RTX 4090 (24GB) or RTX 5090 (32GB)?

The extra 8GB on the 5090 lets you run Devstral 2 and Mistral Medium 3.5 comfortably. If you only plan to run 27B models, the 4090 is fine. If you want the largest models that fit on a single consumer GPU, get the 5090.

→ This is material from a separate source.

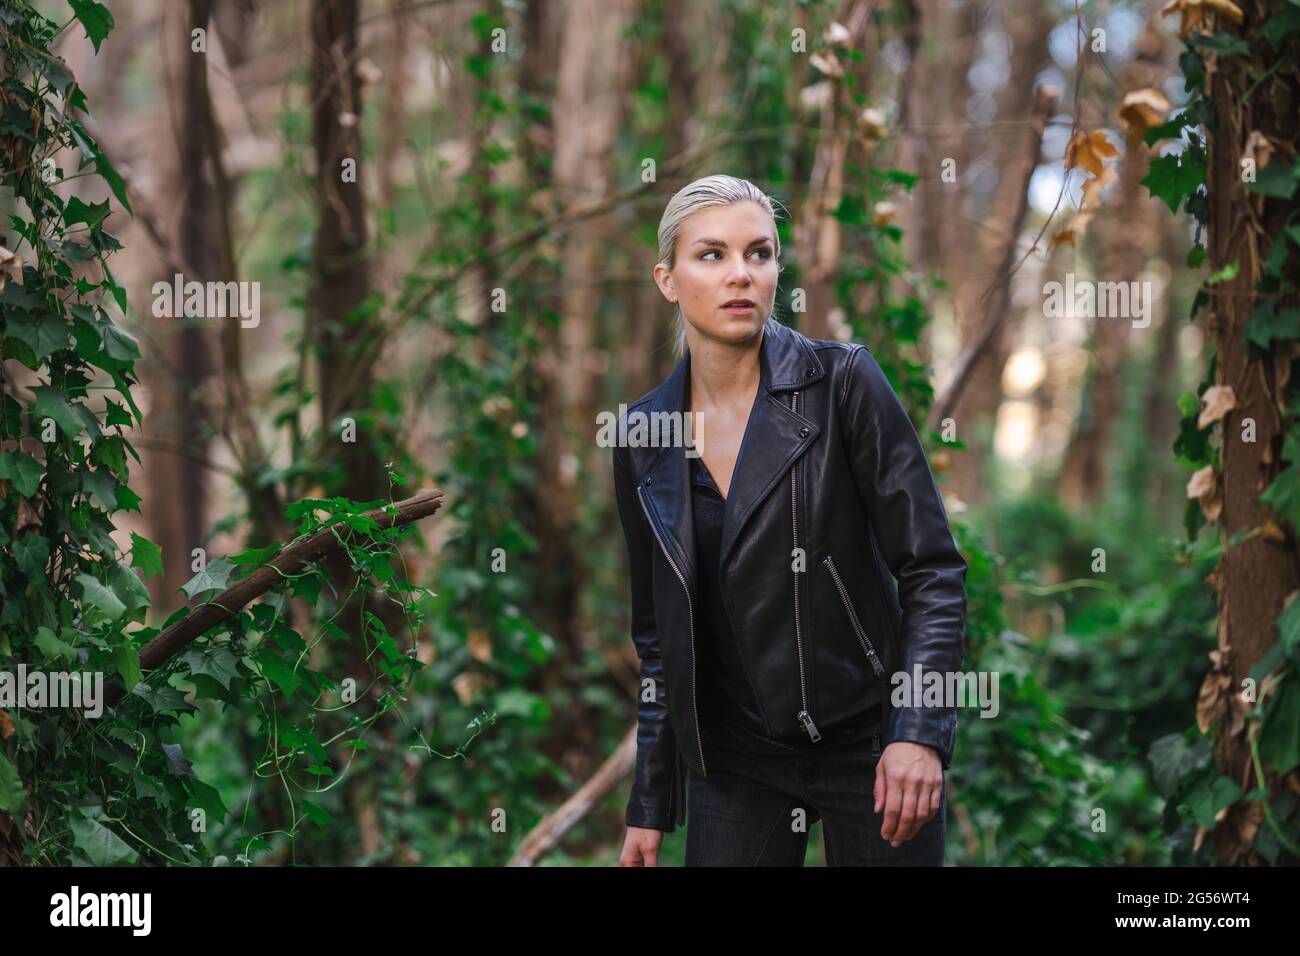 Fashion in unusual places, Young Woman in Edgy Motorcycle Jacket in the Forest Stock Photo

Can I run two models simultaneously?

On 32GB: two small models (7B + 14B = 12GB) yes. Two 27B models: no. Ollama handles model loading/unloading automatically.

Q4 vs Q6 vs FP16?

Q4_K_M: best balance of quality and memory. Q6_K: slightly better quality, 50% more memory. FP16: full quality but doubles memory. For 24-32GB GPUs, Q4_K_M is almost always the right choice. Quality difference is minimal. See quantization guide.

How does local compare to API quality?

Qwen 3.6 27B locally produces ~85% of API model quality (DeepSeek V4-Pro). For most coding tasks, the difference is minor. Where API models clearly win: complex multi-file refactoring and novel algorithms.

Should I wait for RTX Spark instead?

If you need models larger than 50B: yes, RTX Spark (128GB, fall 2026) opens up 120B models locally. If 27-35B models serve your needs: buy an RTX 4090/5090 now. See Best LLMs for RTX Spark.